First, we must demand that the law be changed so that all new industrial water users have to be subjected to mandated hydrological criteria and well-spacing rules. So we have to elect legislators who will go to bat for scientific water law in Arizona—and have the intelligence to understand water law.

Second, the 100-year water supply certificate scam started in 1995. It was created for one reason—to help developers develop more homes. To compensate for the new development, the home owners, not the developers, had to pay for replenishment of the water they use through an assessment on their property tax to the Groundwater Replenishment District. The home owners—not the high water users of agriculture, mining or golf courses, only home owners—would have to pay for replenishment. Again, for the sake of the developers, the legislators slipped in a little gem. The replenishment can be anywhere in the active management area—even miles down-stream with no chance at all that it will affect the water supply of the person who is paying for the water.

The plot thickens when you realize that the Groundwater Replenishment District (GRD), which enables the developers, does not have allocations for the renewable CAP water themselves, so the state has initiated a search for new water (not admitting it is for GRD), their ADD water project.

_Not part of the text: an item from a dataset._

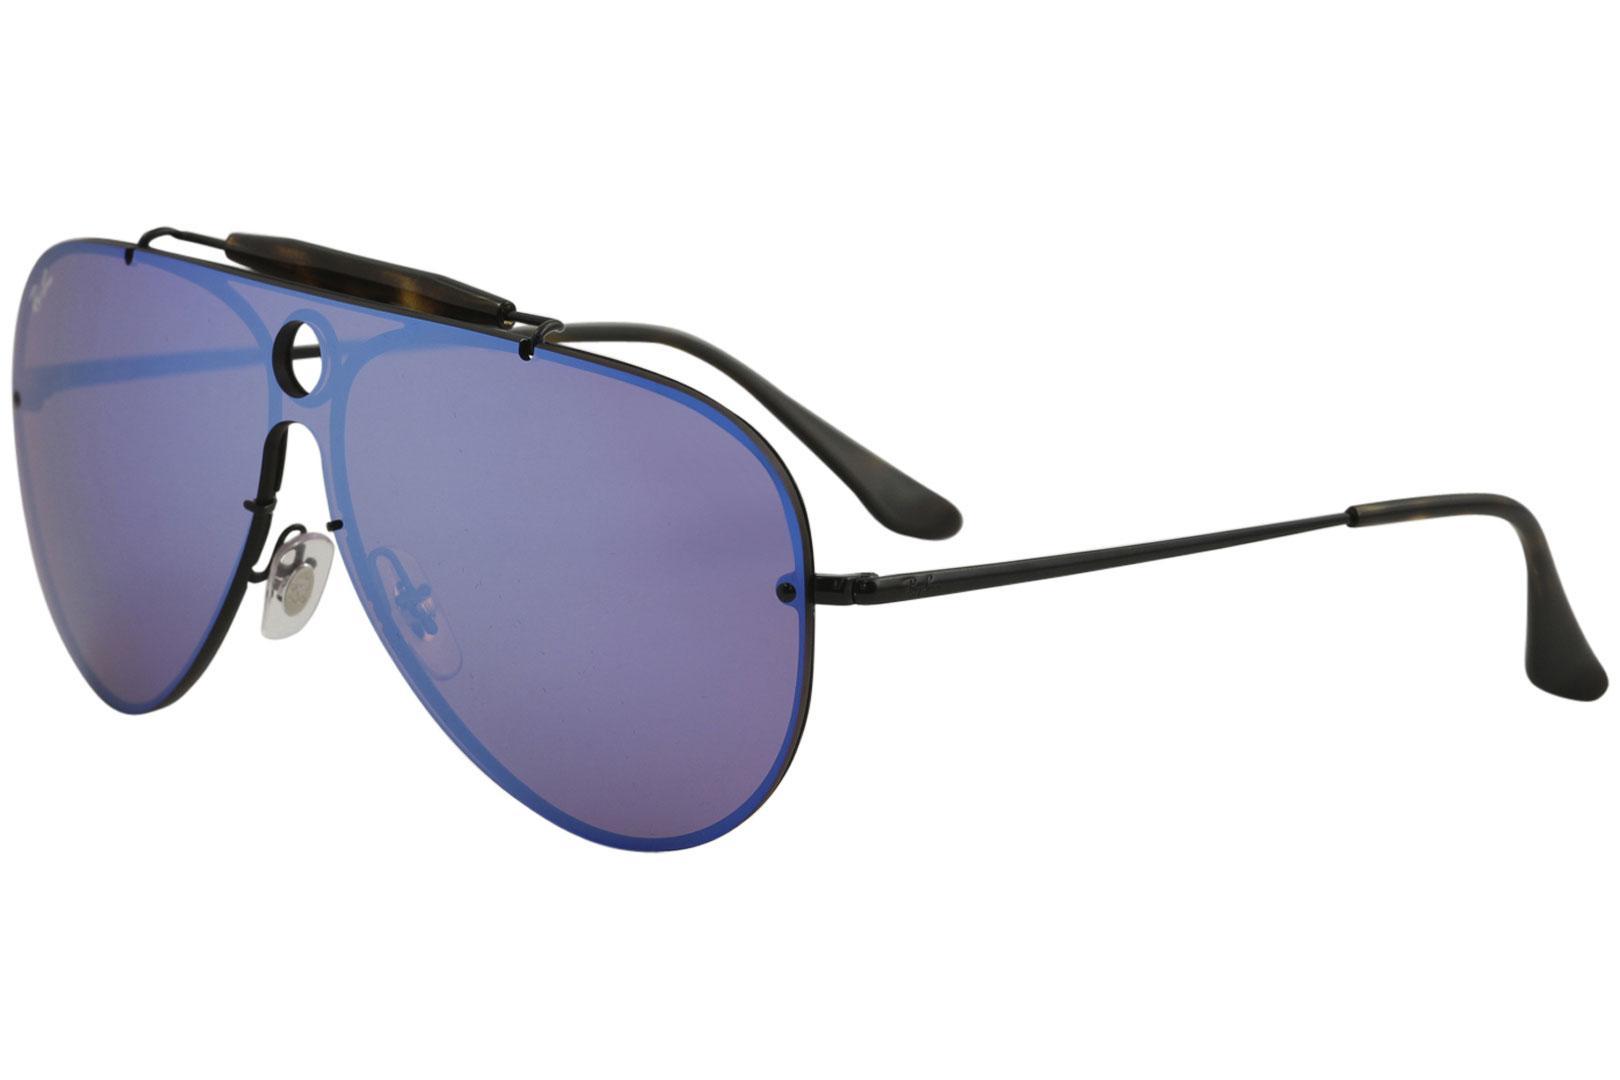 b3537c656b8eb Ray Ban Blaze Shooter RB3581N RB 3581 N RayBan Fashion Pilot Sunglasses

They are contemplating various sources, including pumping dry a couple of aquifers in low populated areas of western Arizona. The price tag will be high for the electrical stations, pipelines, and pumping stations. Another solution they are contemplating is setting up a nuclear power plant on the Sea of Cortez to run a desalination project to pipe the water up to Lake Havasu and over to Phoenix and Tucson. The billion dollar Federal project 15 years ago in Yuma should tell us something about high price tags for desalinization. And who is going to pay for this jockeying around of the water supplies? Yes, all of you who bought homes built after 1995—and, of course, nature: our wild life in western Arizona and the Sea of Cortez.

So I suggest open rebellion:

First, a law suit against the state that demands that the renewable water supply be replenished in the exact water table where it is being used.

Second, start subtracting the GRD replenishment assessment on your property tax bill. You are not getting legitimate GRD service.

Third, there is a huge flooding area over in eastern old Sahuarita, as everyone knows who travels Sahuarita Rd. Pima County Flood Control refuses to do anything and even though approved developments have augmented the problem. What about a recreational lake!

Fourth is more an ultimatum: Water is a public resource. If there is to be a CAP pipeline, it must be a public project so that any entity with legitimate CAP allocations will be able to buy in at a set price.